On Employment 15.01.25
- Meredith Rees
- Jan 23
- 5 min read
I have reached my least favourite point of the day. 30 minutes before lunch. It is immensely quiet in this building today, and I keep reaching for my phone, tapping it, watching the empty screen until it goes dark, and repeating the process every 2 minutes. Boredom is incessant. I have the phrase ‘I’m bored. I am the chairman of the bored’ circling around my head like bluebirds in a Tom and Jerry episode. However, at the very same time, I am praying it doesn’t get any busier as that will require me to participate in a likely irritating task. It’s not a thrilling place to be.
Employment is a Catch 22. Where it is so catastrophically boring, I pray for a modicum of interest, some interaction, a task for Christ’s sake. Give me something to file I don’t care.

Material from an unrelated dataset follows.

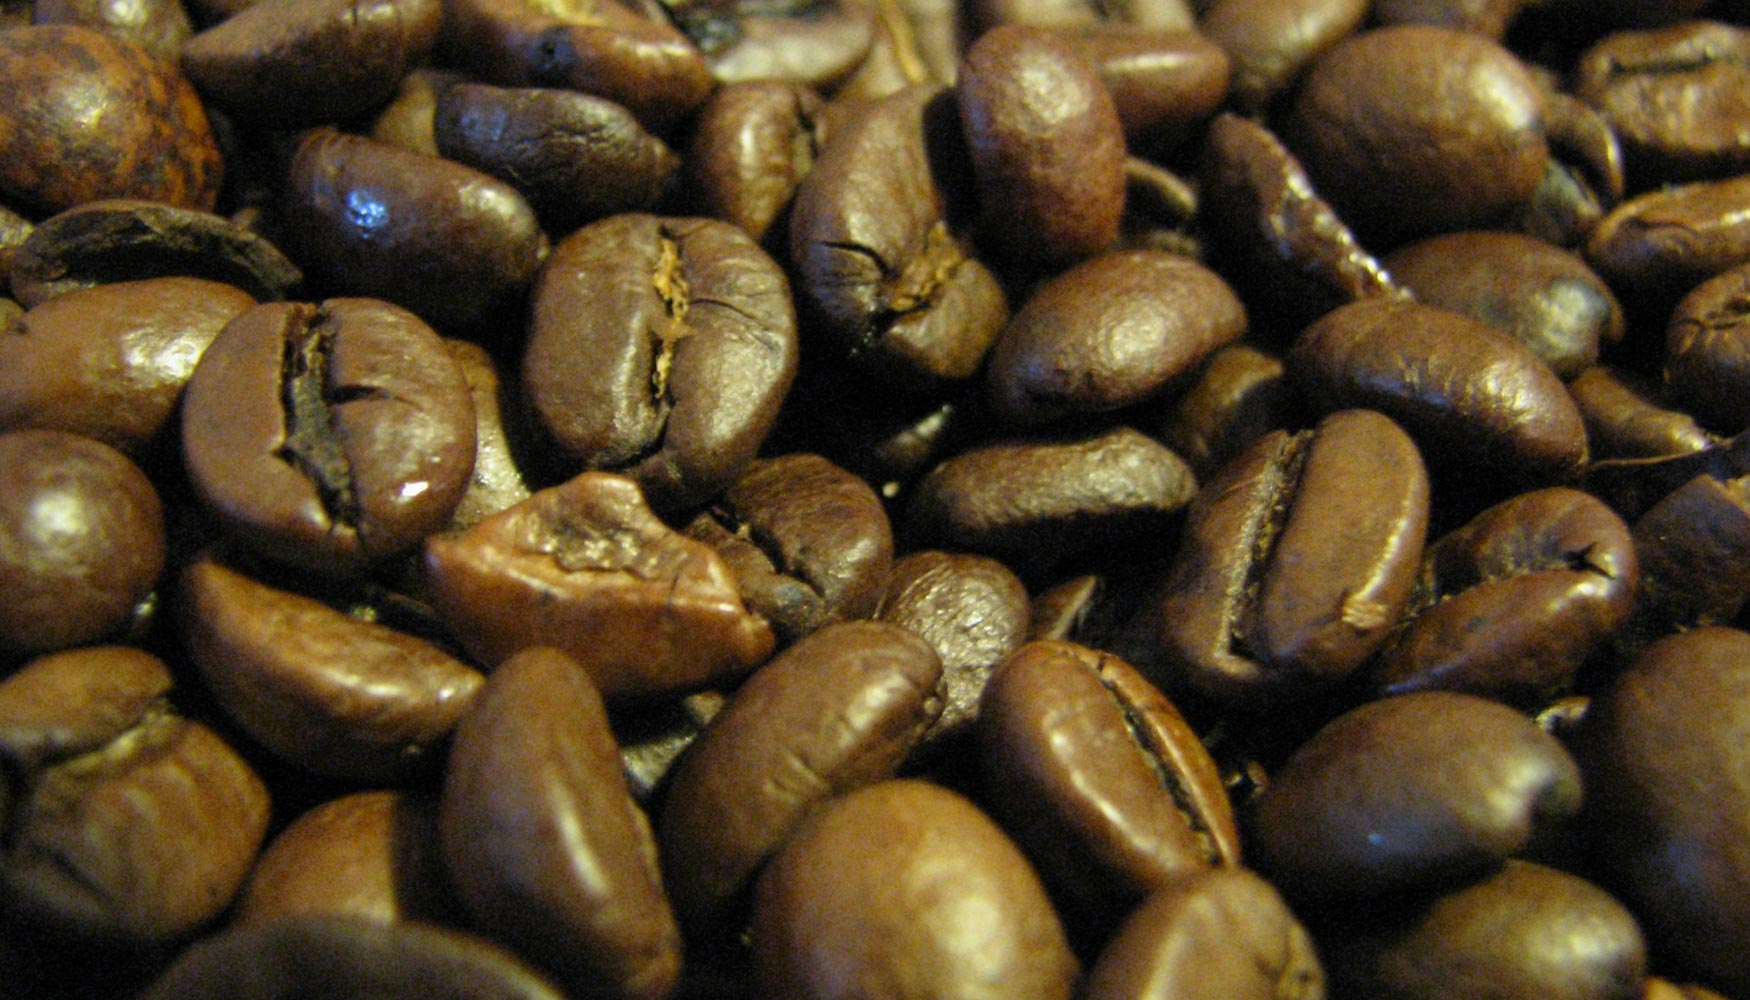 El estudio confirma la presencia de fumonisinas, aflatoxinas, tricotecenos y micotoxinas emergentes en el caf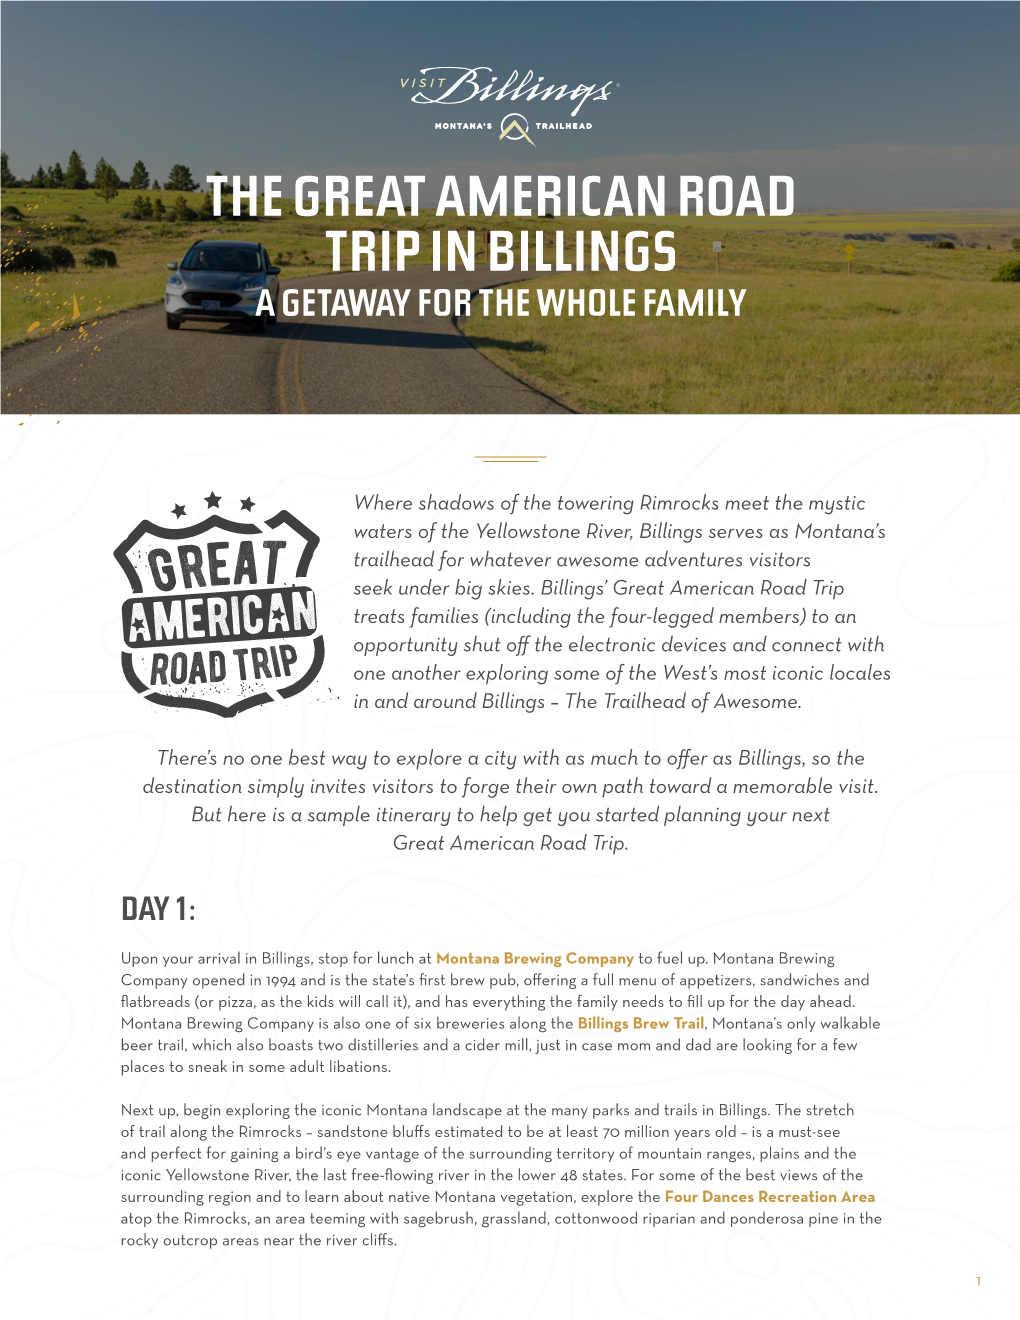 Family Getaway & Great American Road Trip

However, at the very same time exists in me a heels dragging in the dirt, emergency stop, no way am I doing that monster, and I outright beg that nobody asks anything of me.
My most recent attempt to inject some difference into my day is to follow roughly 7 ‘Learn insert language here quickly’ podcasts and play them on a loop. I have even revived my Duolingo in a spirited attempt to stave off boredom and prepare for any future escape plans or employment abroad. It’s a good thing to evade the mind-numbing ambivalence with, replacing it with something practical, However, it’s not a perfect plan, as I get worried that a task will present itself or someone will notice I am skiving. If my head being trained firmly at the desk isn’t an indication I’m avoiding work, my whispering ‘Where is the Hospital’ in broken French is a dead giveaway.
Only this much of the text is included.